4. Take the square root of both sides of the equation and solve for x.
- Taking the square root of (x - 3)^2 = 9 gives us x - 3 = ±3.
- Adding 3 to both sides yields x = 3 ± 3.
5. Simplify the solution.
- x = 3 + 3 simplifies to x = 6.
- x = 3 - 3 simplifies to x = 0.
Therefore, the solutions to x^2 - 6x - 3 = 0 are x = 6 and x = 0.
Problem 28:
1. Write the equation in the form x^2 + bx + c = 0.
- Our equation is already in this form: 2x^2 + 10x + 11 = 0.
2. Take half of the coefficient of x, square it, and add it to both sides of the equation.
- The coefficient of x is 10. Half of 10 is 5, and (5)^2 = 25.
- Add 25 to both sides of the equation: 2x^2 + 10x + 11 + 25 = 0 + 25, which simplifies to 2x^2 + 10x + 36 = 25.
3. Rewrite the equation as a perfect square trinomial by factoring the left side of the equation.
- To factor 2x^2 + 10x + 36, we need to find two numbers whose product is 2 * 36 = 72 and whose sum is 10.
- These numbers are 6 and 12, so we can rewrite the equation as (x + 6)(x + 6) = 25.
4. Take the square root of both sides of the equation and solve for x.
- Taking the square root of (x + 6)(x + 6) = 25 gives us x + 6 = ±5.
- Subtracting 6 from both sides yields x = -6 ± 5.
5. Simplify the solution.
- x = -6 + 5 simplifies to x = -1.
- x = -6 - 5 simplifies to x = -11.
Therefore, the solutions to 2x^2 + 10x + 11 = 0 are x = -1 and x = -11.
Problem 38:
To find two consecutive positive integers whose sum of squares is 85, follow these steps:
1. Represent the consecutive integers as x and x + 1.
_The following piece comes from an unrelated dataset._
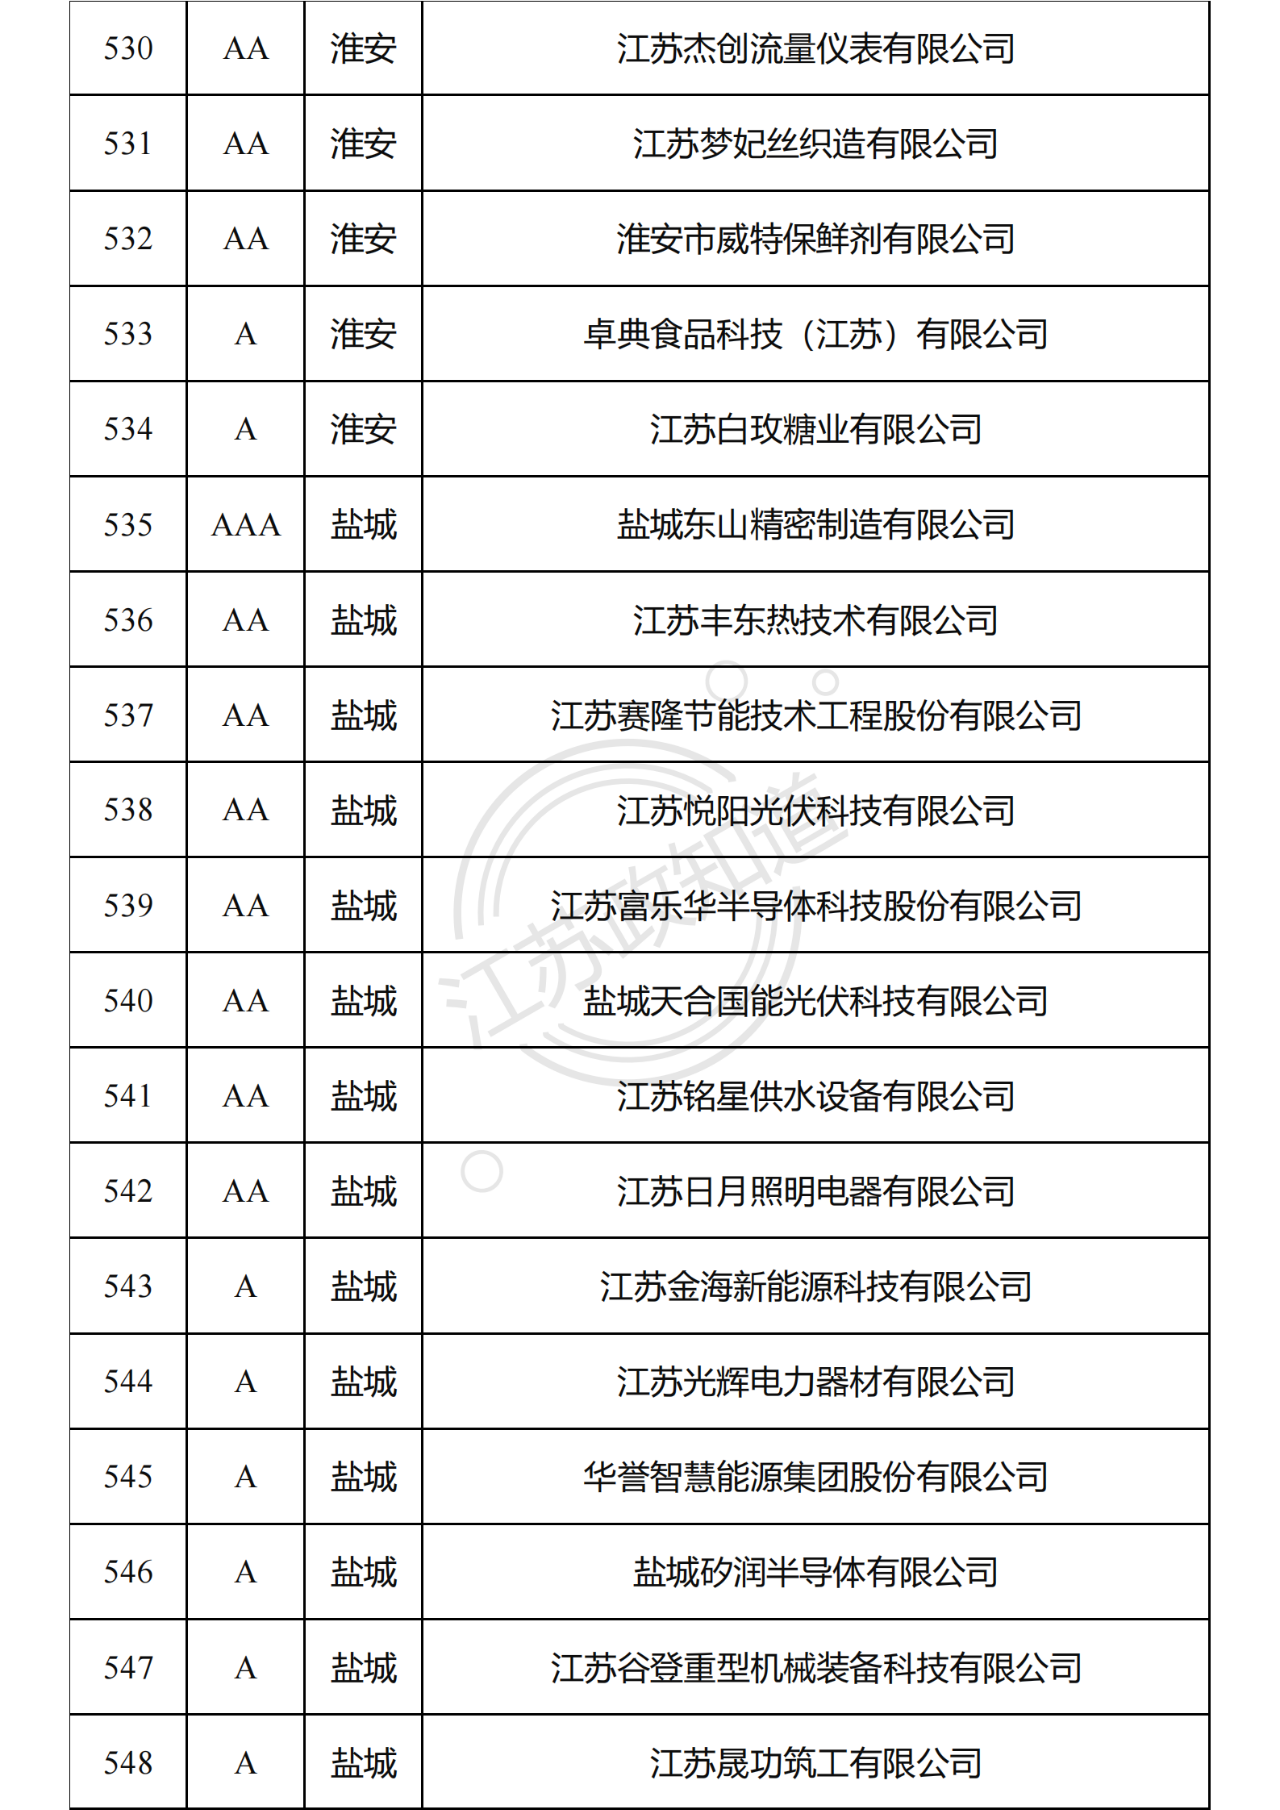 2022年度江苏省两化融合管理体系贯标试点企业培育对象拟认定名单30.png
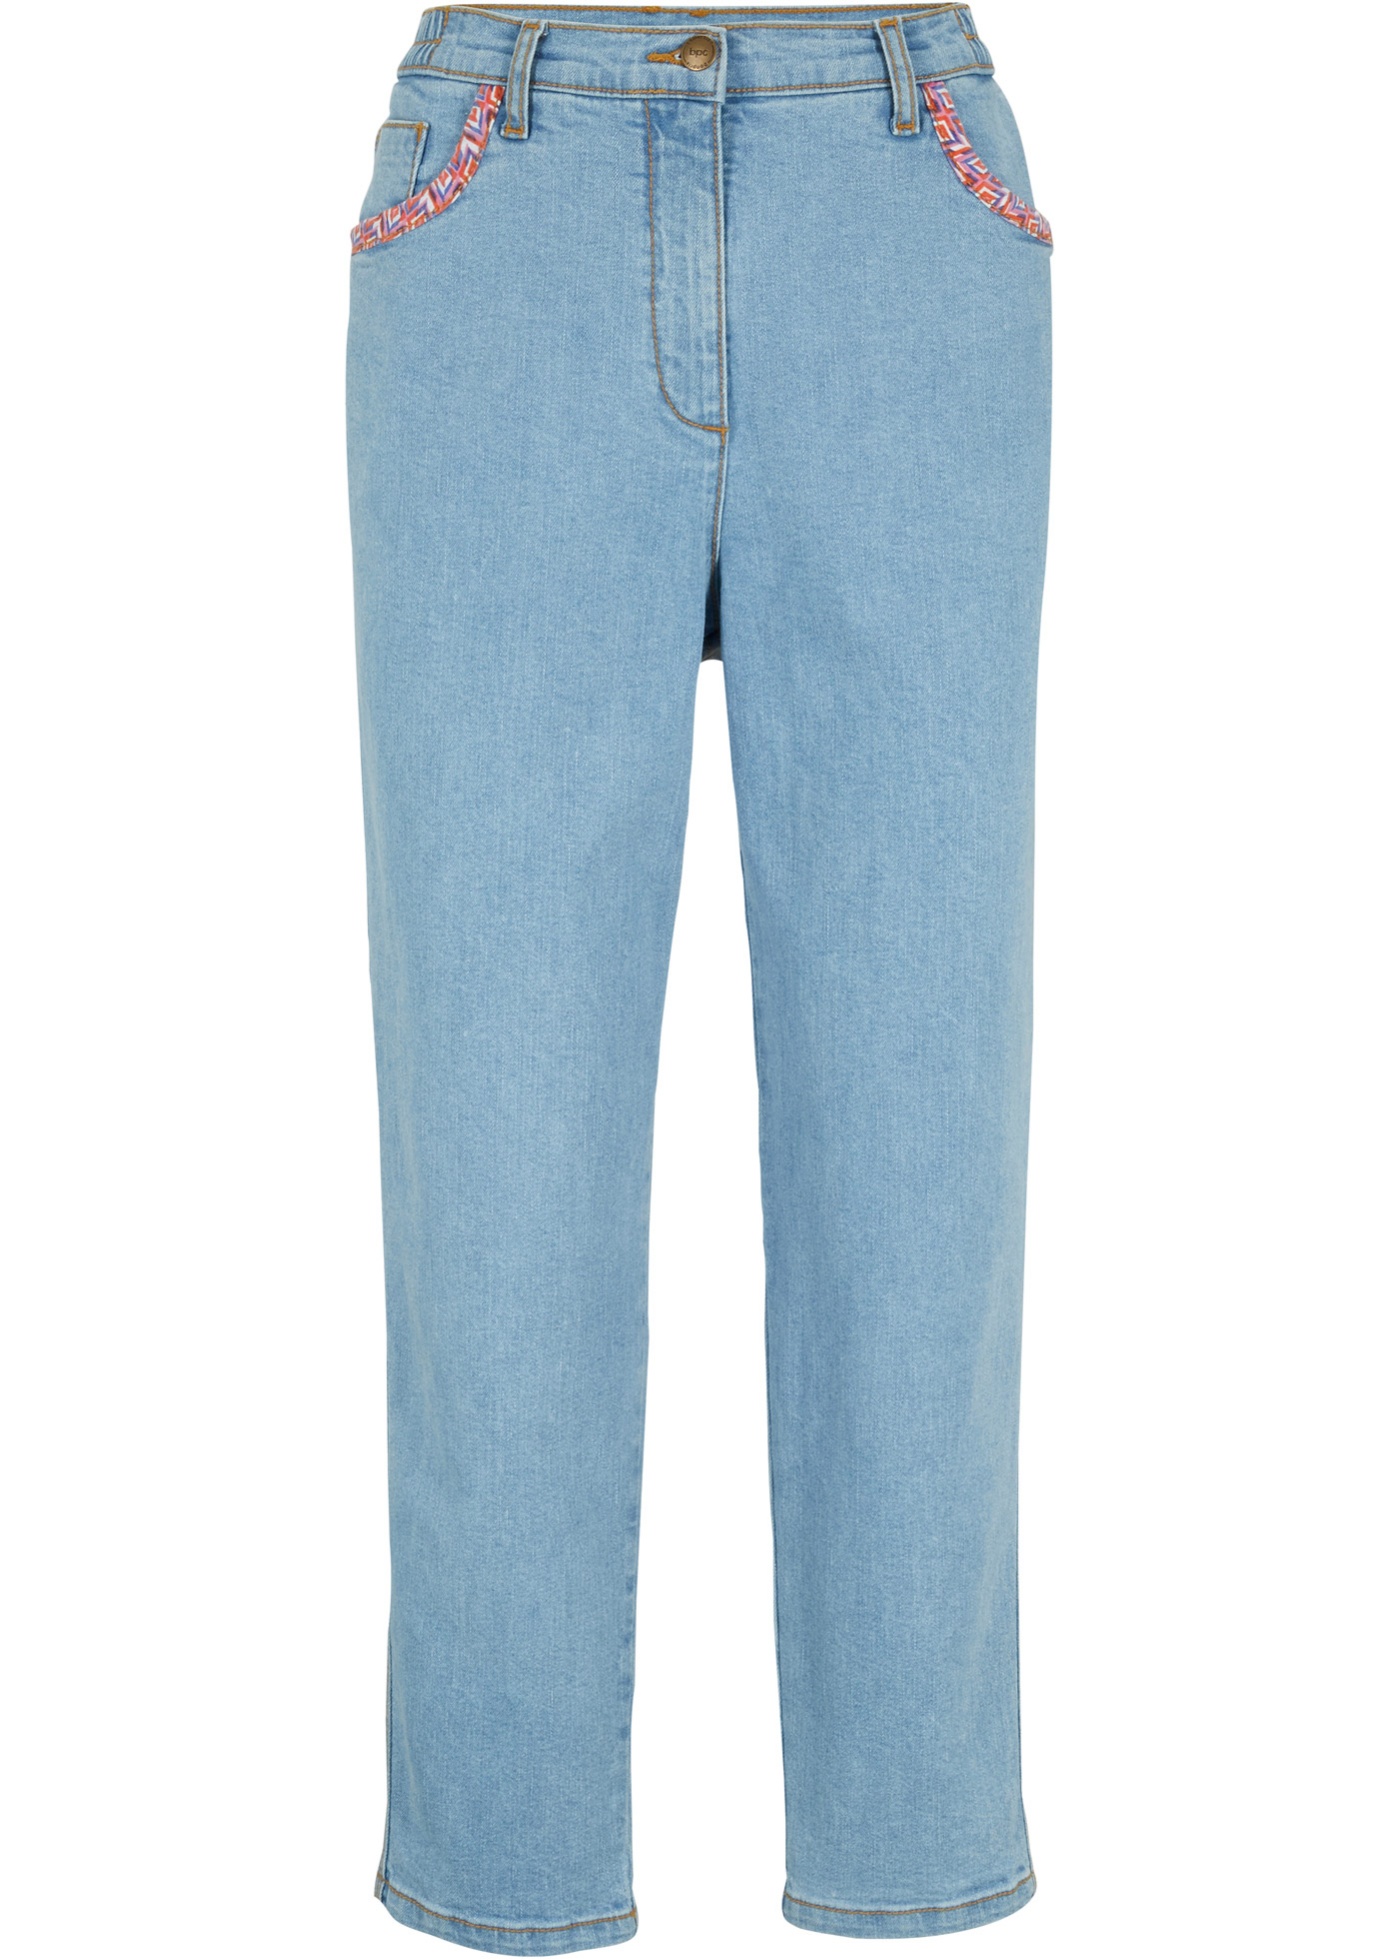 Knöchelfreie High-Waist Stretch-Jeans, lockerer Schnitt mit Bequembund für mehr Komfort (93150695) in hellblau denim

- Let the first integer be x.
- The second integer will be one more than x, so it is x + 1.
2. Write the equation based on the given information.
- The sum of squares of the consecutive integers is 85, so we have the equation x^2 + (x + 1)^2 = 85.
3. Expand and simplify the equation.
- x^2 + (x + 1)^2 = 85 becomes x^2 + x^2 + 2x + 1 = 85.
- Combining like terms gives us 2x^2 + 2x + 1 = 85.
- Rearranging the equation gives us 2x^2 + 2x - 84 = 0.
4. Solve the quadratic equation by factoring or using the quadratic formula.
- This equation cannot be easily factored, so we can use the quadratic formula: x = (-b ± √(b^2 - 4ac))/(2a).
- In this case, a = 2, b = 2, and c = -84.
- Plugging these values into the quadratic formula yields x = (-2 ± √(2^2 - 4(2)(-84)))/(2(2)).
- Simplifying further gives x = (-2 ± √(4 + 672))/4.
- The discriminant, 4 + 672, is equal to 676, which is a perfect square.
- Taking the square root of the discriminant gives ±26, so the solutions are x = (-2 + 26)/4 and x = (-2 - 26)/4.
5. Simplify the solutions.
- x = (24)/4 simplifies to x = 6.
- x = (-28)/4 simplifies to x = -7.
Therefore, the two consecutive positive integers whose sum of squares is 85 are 6 and 7.